Scripture was written by people reflecting on the implications of God working in their lives.
Even when the Sacred Authors appear to be narrating factual, eye-witness history, they're actually giving us editorials on history, editorials based on the faith dimension from which they view everything around them. Their experience of faith is far more important than their knowledge of history.
This faith dimension is especially clear in this Sunday's first and third reading. Though both passages are rooted in historical events -- the Babylonian Exile and Jesus' death -- the authors are more interested in conveying meaning than facts. And each writer presumes his readers share the faith which prompts his reflection.
The author of this part of II Chronicles, for instance, is especially concerned that his community understand the basic cause of the Exile (II Chr 36: 14-16, 19-23). According to His faith-viewpoint, God brought about this disastrous deportation because the Chosen people "added infidelity to infidelity, practicing all the abominations of the nations and polluting the Lord's temple which He had consecrated in Jerusalem."
Though experts in ancient Middle Eastern history would probably pinpoint bad alliances, poor military decisions or ineffective leadership as the causes of Judah's defeat by the Babylonians, our author is interested only in the moral choices which the Jews made. In his opinion those choices alone brought about the Exile.
In a similar way, the author of the Gospel (Jn 3: 14-21) not only "editorializes" Jesus' well-known conversation with Nicodemus, but also adds some undisguised, overt comments as the middle-of-the-night dialogue ends.
"For God so loved the world," the author first tells his readers, "that He gave His only Son, so that everyone who believes in Him might not perish but might have eternal life."

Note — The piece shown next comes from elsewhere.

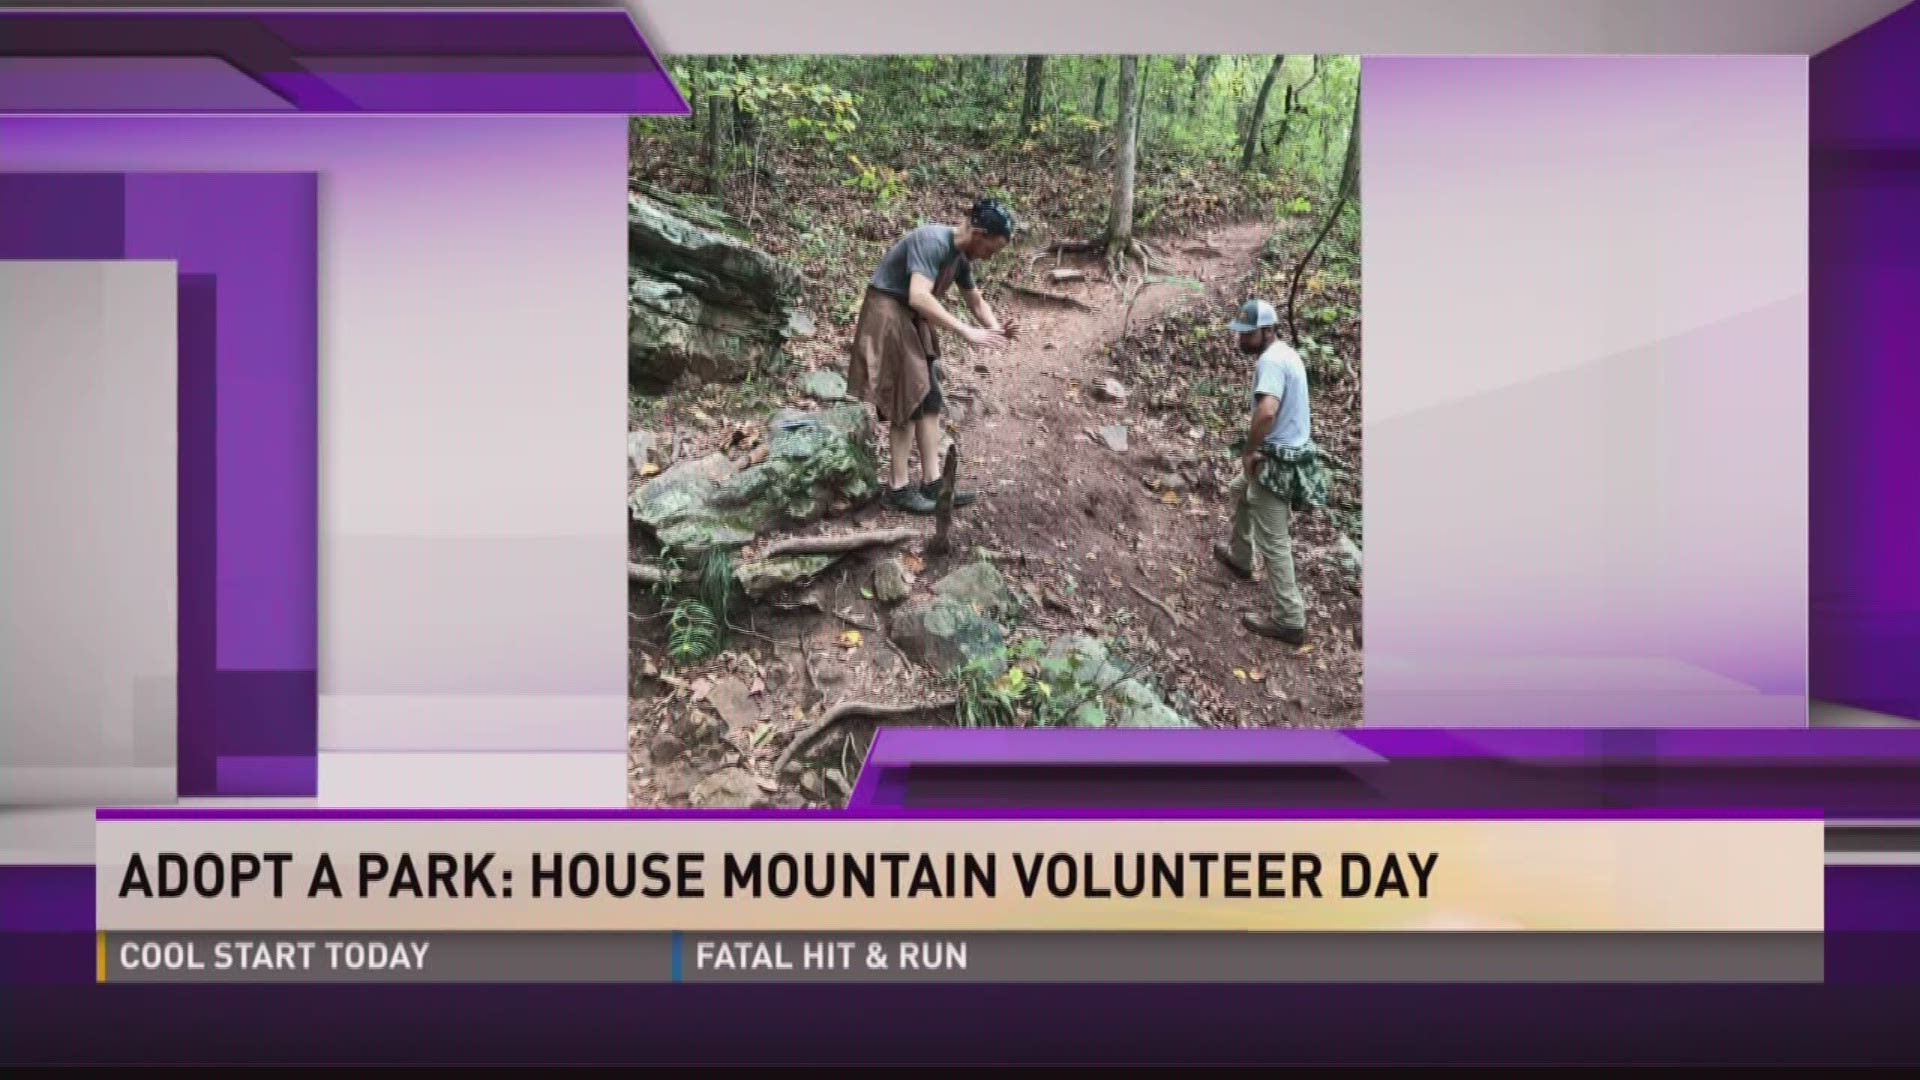 Adpot A Park: House Mountain Volunteer Day

Then, as his reflection continues, the evangelist explains why, at the end of the first Christian century, so many refuse to accept and follow Jesus. "The light came into the world," he writes, "but people preferred darkness to light, because their works were evil."

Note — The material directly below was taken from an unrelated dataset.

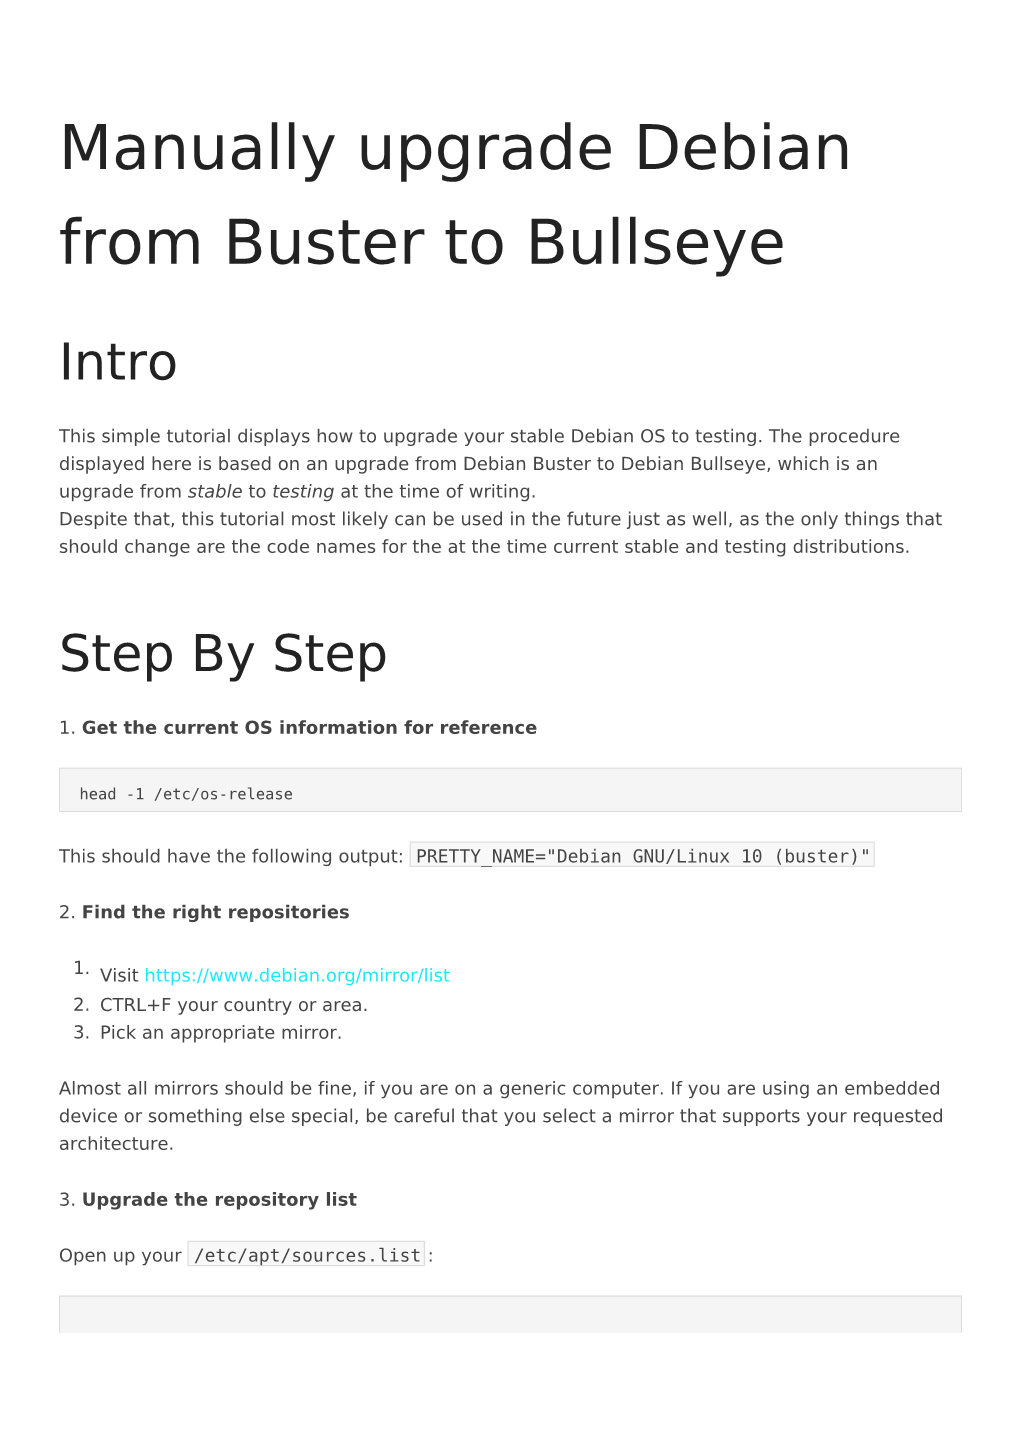 Manually Upgrade Debian from Buster to Bullseye

Just as the author of II Chronicles judged his history against the background of his faith in Yahweh, so the author of John judged his experiences against the background of his faith in Jesus. Those who don't share their faith don't share their judgment.
That's why we must be careful in how we hear many parts of Scripture. The books of the Bible weren't written for everyone; they were directed to a specific group -- people who had made the same decision about Yahweh and Jesus as their authors had.
We especially experience the latter in the second reading (Eph. 2: 4-10). Paul expressly states that he's directing these words only to those who had imitated Jesus' dying and rising. "Brothers and sisters," he writes: "God, who is rich in mercy, because of the great love He had or us, even when we were dead in our transgressions, brought us to life with Christ,... raised us up in Him, and seated us with Him in the heavens in Christ Jesus."
If someone has not accompanied Jesus through death and resurrection, that person will never understand what Paul means when he speaks about "grace" being God's gift.
Perhaps some of us consistently daydream during the liturgical readings not because the lector does a bad job of proclaiming God's word, but because we've done a bad job of believing that God could actually be the essential part of our lives. We're probably listening to someone else's book!